Death to the Dallas Cowboys

As I get older, I have less of an emotional investment in sports. I still watch a lot of sports, and I enjoy it more than ever. But sports no longer bring me to ridiculous highs and lows like it did when I was a kid. They never inspire any righteous anger. They never make me cry1. Philadelphia sports teams were once demiurges that frequently determined my mood. Now they’re a group of 5-70 strangers who happen to play 30 blocks south of where I live.

Some friends I know say their passion for sports has diminished because of the countless times interviewing professional athletes in locker room and on practice courts. It’s become a career. Writing about sports is a career for me, too, but I don’t think that’s responsible for my attitude change. I still love sports and take them seriously. But not the results. Taking the results too seriously sucks the fun out of it. There are great plays to relive, stats to pore over, moments of hilarity to joke about with friends. Sports are some of the best comedies on TV! Live and die with them, and you miss all the jokes.

But I still hate the Dallas Cowboys.

The Cowboys were the top sports team in the country when I was younger. They made the playoffs from 1991 to 1996. They won three Super Bowls. They were (and are) called “America’s Team.” They had Troy Aikman, an incredibly competent quarterback. I hated him because he was always better than whoever was under center for the Eagles that day. They had Michael Irvin. I hated his dancing and his long touchdown catches. They had Emmitt Smith, the best of the bunch. I hated him because there wasn’t anything but his talent to hate him for. When they signed Deion Sanders, I hated it because I liked Sanders. Now that he was on the Cowboys, I’d have to hate him. I hated the Cowboys’ coaches. I hated their assistant coaches. The Cowboys had a backup quarterback I hated. They had lineman I hated. They had a punter I hated. And they almost always beat the Eagles.

The Eagles would usually give you a big tease. The Eagles sacked Aikman 11 times in a 24-0 win in September but were eliminated from playoff contention with a loss in the penultimate game of the season. The Eagles broke a seven-game losing streak to the Cowboys with a 20-17 win in 1995, then lost 30-11 in the playoffs. The Eagles had lost 34-10 to Dallas in the playoffs a few years earlier (after a 31-7 regular season win). To me, the media adored the Cowboys and treated the Eagles’ eventual failure as inevitable. And, in a way, it was; the Eagles might get Dallas in the regular season but in the end, the Cowboys would do better. They might even beat the Eagles on the way to a Super Bowl win. The Eagles, of course, have never won a Super Bowl.

And this was the fate of the Eagles in the 1990s, every year. The next decade was better, and the Cowboys were awful for much of it, but that didn’t diminish my hated any more. I took immense delight in the tarnished image of the Cowboys. Watching them lose is almost as good as watching the Eagles win. Ex-coach Jimmy Johnson needing money enough to do a commercial for a snake oil where he essentially admits he had a small penis warms my heart. It really does.

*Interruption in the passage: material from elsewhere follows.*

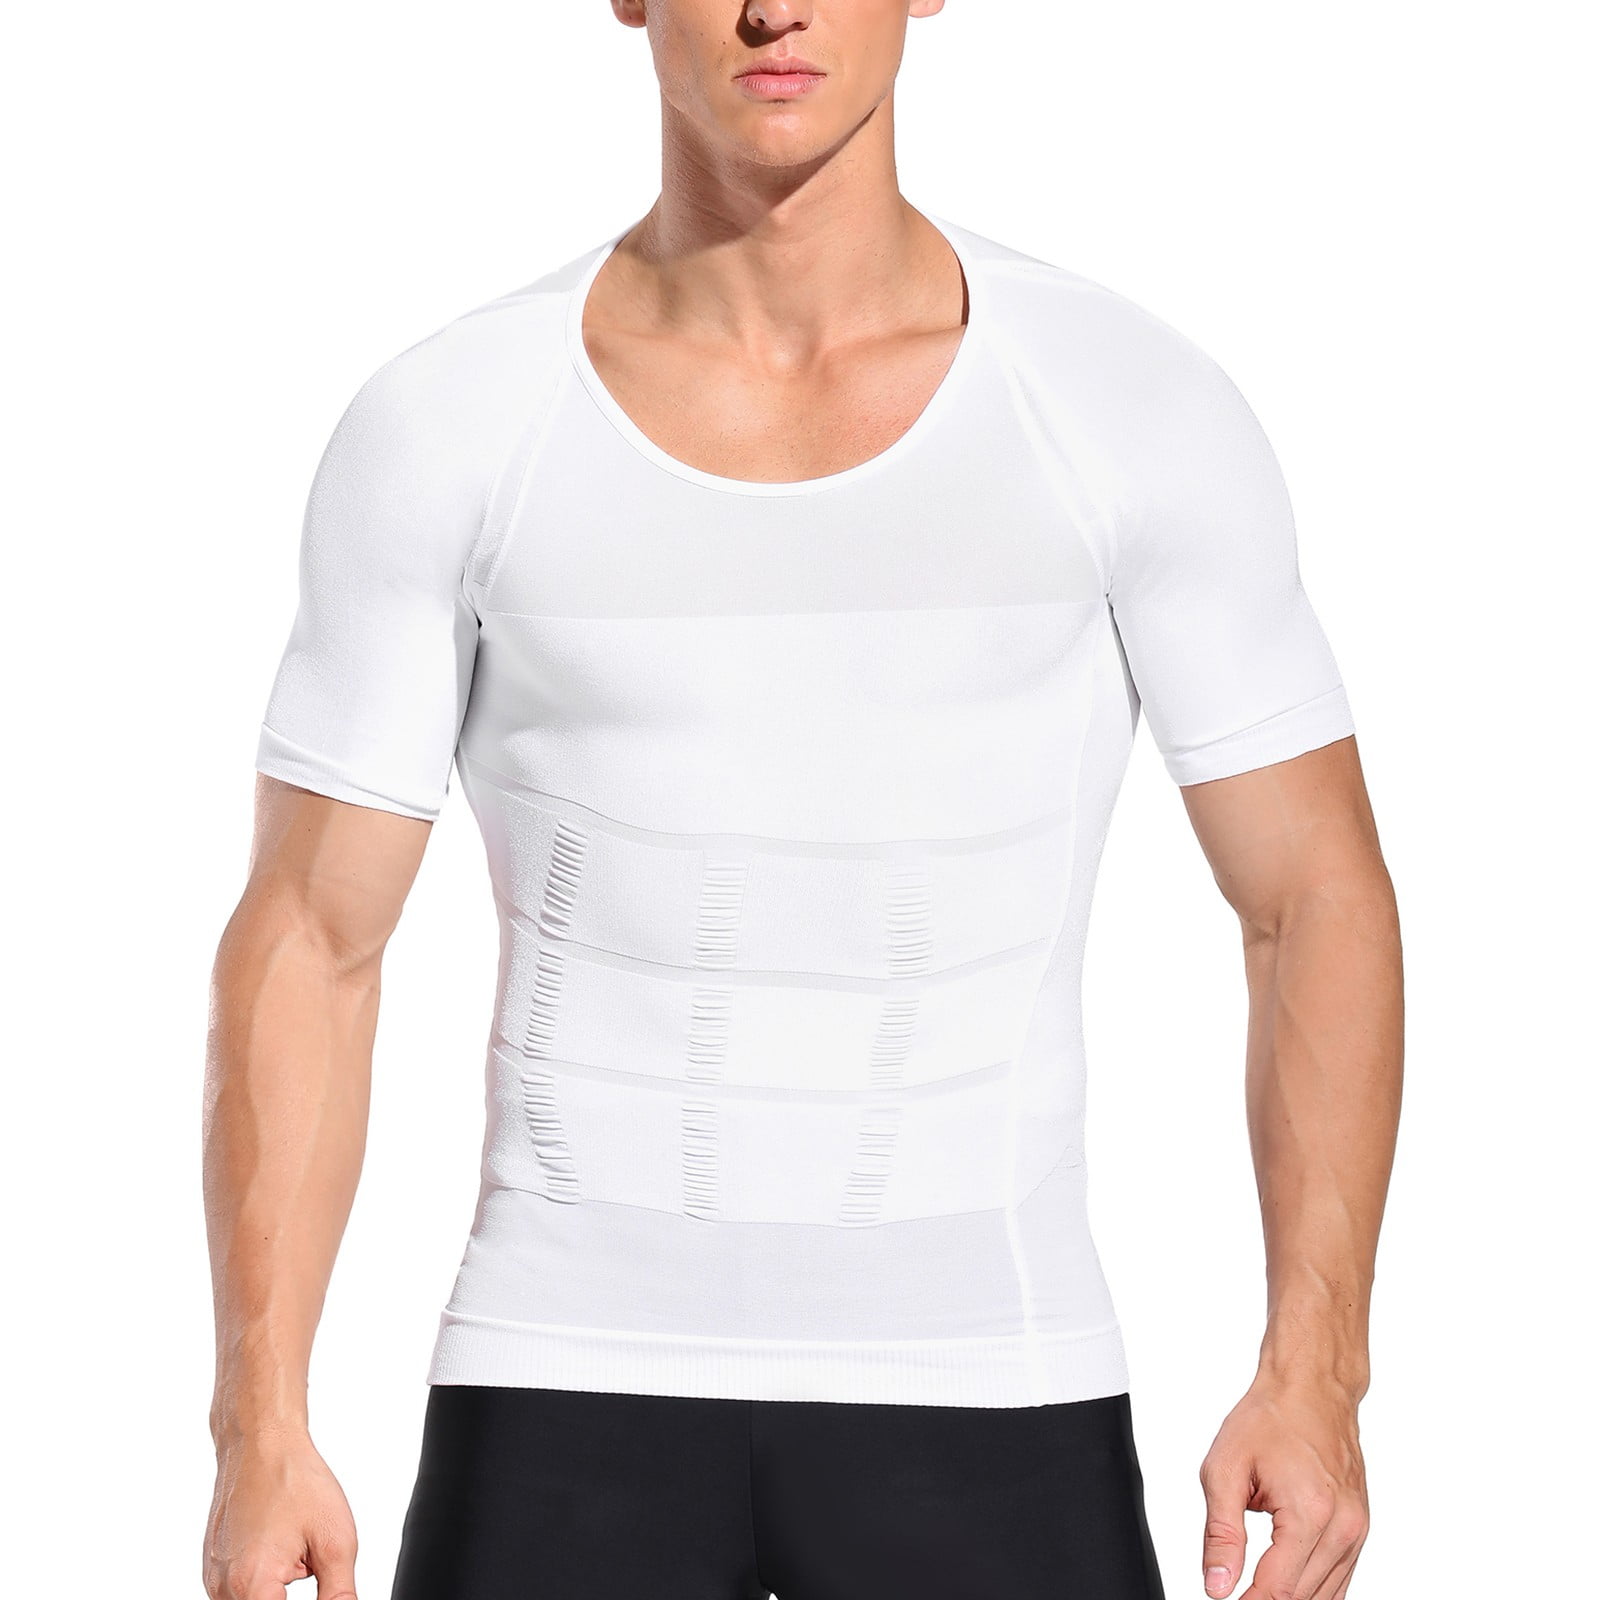 FITTOO Men Compression Shirt Underwear Slimming Tank Top Workout Top ...

The Eagles lost to the Cowboys three times last season, the first time that ever happened. They lost to them (big!) in back-to-back weeks, including a playoff loss. It was a tough year for a Cowboys-hater based in Philadelphia. This year, though, hasn’t been so bad. The Eagles are 8-4 and first in the division, while the Cowboys started 1-7 and are out it. But if the Eagles lose to the Cowboys tonight, it probably means another year of frustration — a year that even when the Eagles were better than Dallas, the Cowboys managed to ruin their playoff chances anyway. (The teams also meet in the last week of the season.) It would not be fun.

Today I really will have been waiting all day for Sunday night. Don’t let me down, Eagles.

1 This kind of mania is way more fun when it’s over a girl, anyway.